At the end of his first hundred days in office, Baba’s major achievement was the taming of the BJP Media volunteers. Advaniji may be old, but he had been right—when asked to bend, the media crawled! OpIndia was closed; Abhishek Banerjee was teaching applied mathematics at the Indian Institute of Science Bangalore (duh!); Rightlog had become a listicle oriented website after Buzzfeed bought it; Postcard kept its website alive by publishing anonymous polls on college reviews.

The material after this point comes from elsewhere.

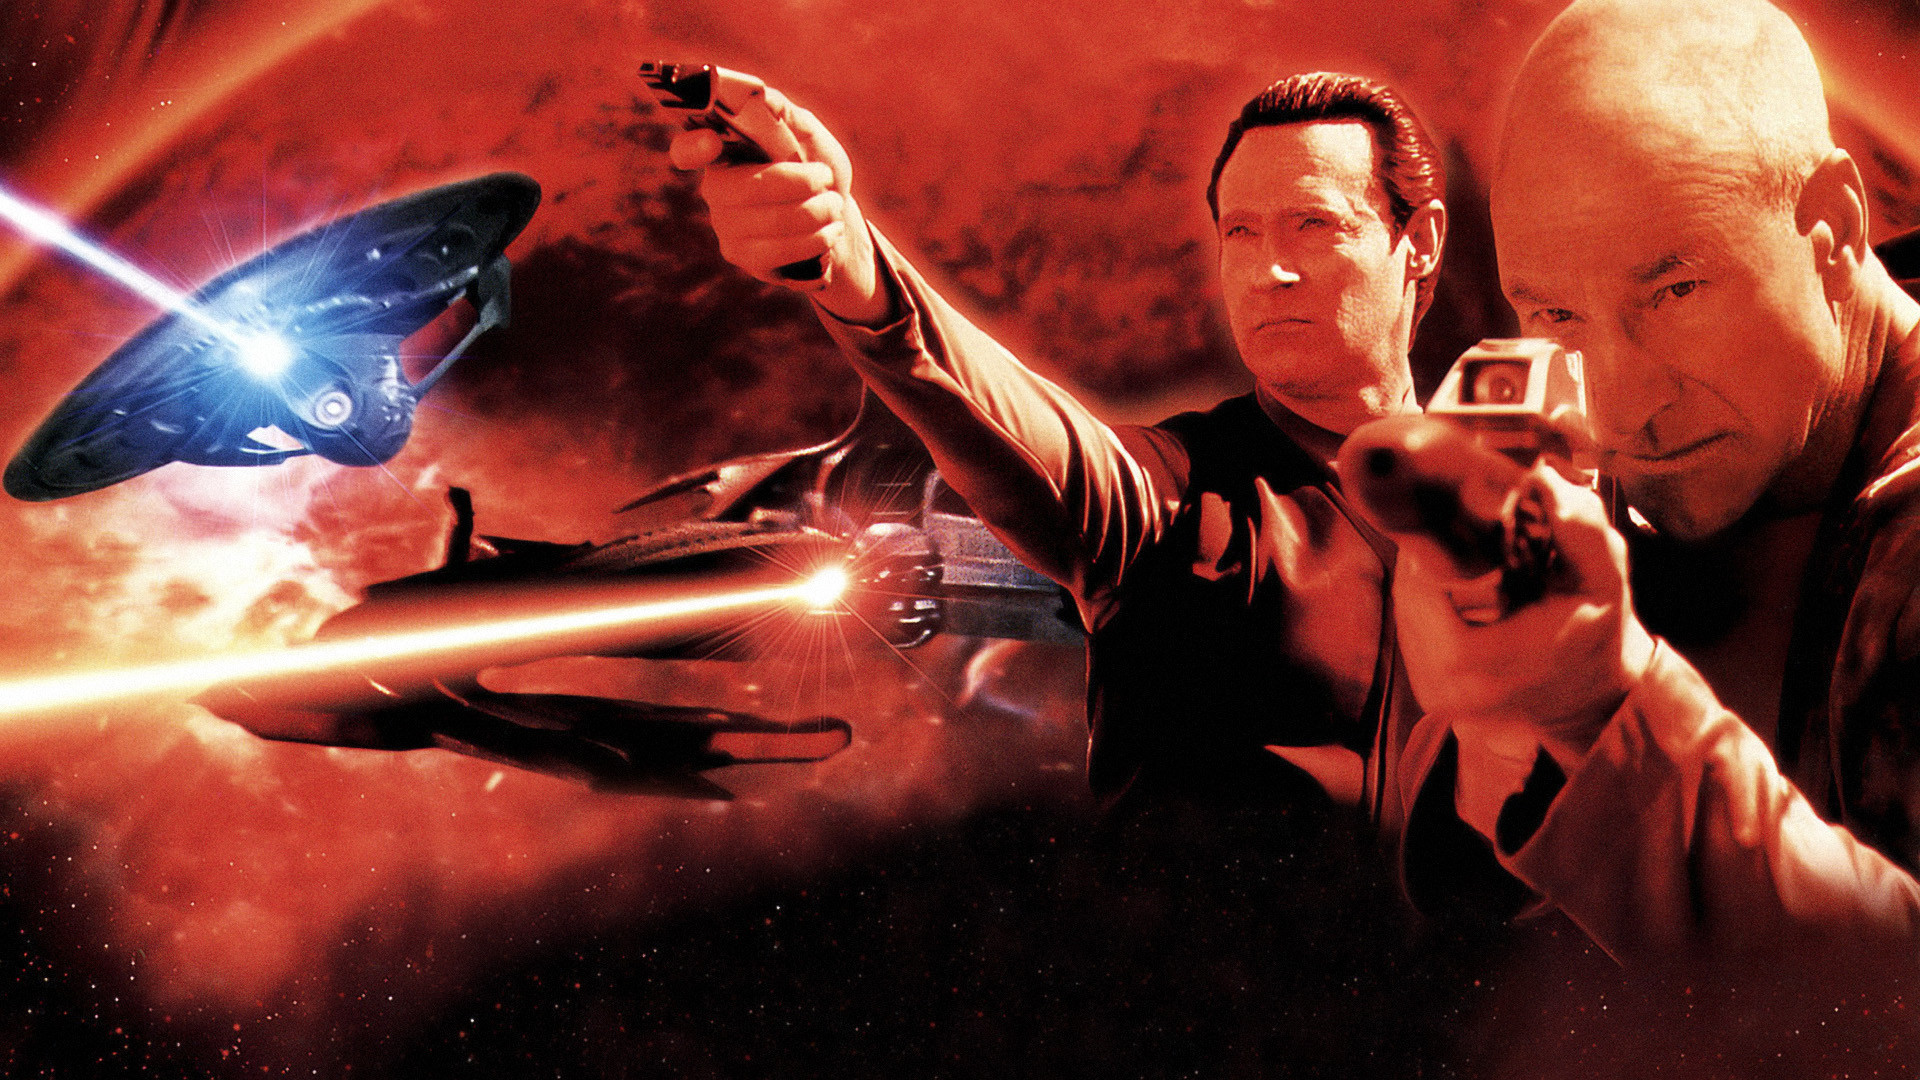 Movie Star Trek: Insurrection HD Wallpapers.

Journalists were also taken care of: Rahul Roushan had retired, setting up a handloom boutique in Connaught Place (which was to be renamed Hafiz Saeed Chowk on Christmas); Nupur J Sharma had gone back to her business; Nirwa Sharma taught comprehension at The Doon School; Sandeep Kadian was covering county cricket; and K Bhatacharjee was published nowhere. Vivek Agnihotri was in protective custody, as CBI sleuths were illegally going over the funding of his films; Nitin Gupta’s passport had been cancelled so he could not go abroad to perform; Aadit Kapadia had applied for citizenship in USA changing his podcasts to MyUSA.
The one man Baba could not trust was his defence minister, Sharad Pawar. The Maratha strongman had to be cajoled to join the cabinet, and Pawar had agreed only after reports emerged in the Western media that Pakistani troops had made successful incursions into Indian territory along the Line of Control, and Chinese troops had entered Arunachal Pradesh (Baba’s first thought was that they were his friends anyway, but Pawar said India must not kowtow to the Chinese). The information and broadcasting minister, Sam Pitroda, said India could barter Arunachal Pradesh in return for Chinese investment in Bangalore’s IT sector. But someone had been defacing billboards—a giant one near Gandhi Gardens (once known as Lodi Gardens) saying “Ra Ga!” was overwritten to say “Ha Ga!”
The plan to build the Mayawati statue had been put on hold—the price of iron had shot up, and the rupee had continued to decline. It was 85 rupees to a dollar now, and the new Reserve Bank governor, Ruba Subramanya, had tried to assuage markets, but the markets were spooked when Shaktikanta Das left as RBI’s governor abruptly, saying he wouldn’t officiate over an Iftaar party before the budget.
Baba’s car reached the Red Fort and suddenly the driver applied the brakes. Baba shouted at the driver. “What happened? Can’t you drive carefully?”
“Sir, there was a small Sardar kid in the way; I had to stop, otherwise…”
“If a big car dashes across, it is the small kid’s fault. If the small kid dies, it is regrettable, but we must keep going,” he said. “We can’t control everything all the time. Things happen. Hua toh Hua”
(This article is inspired by this article.)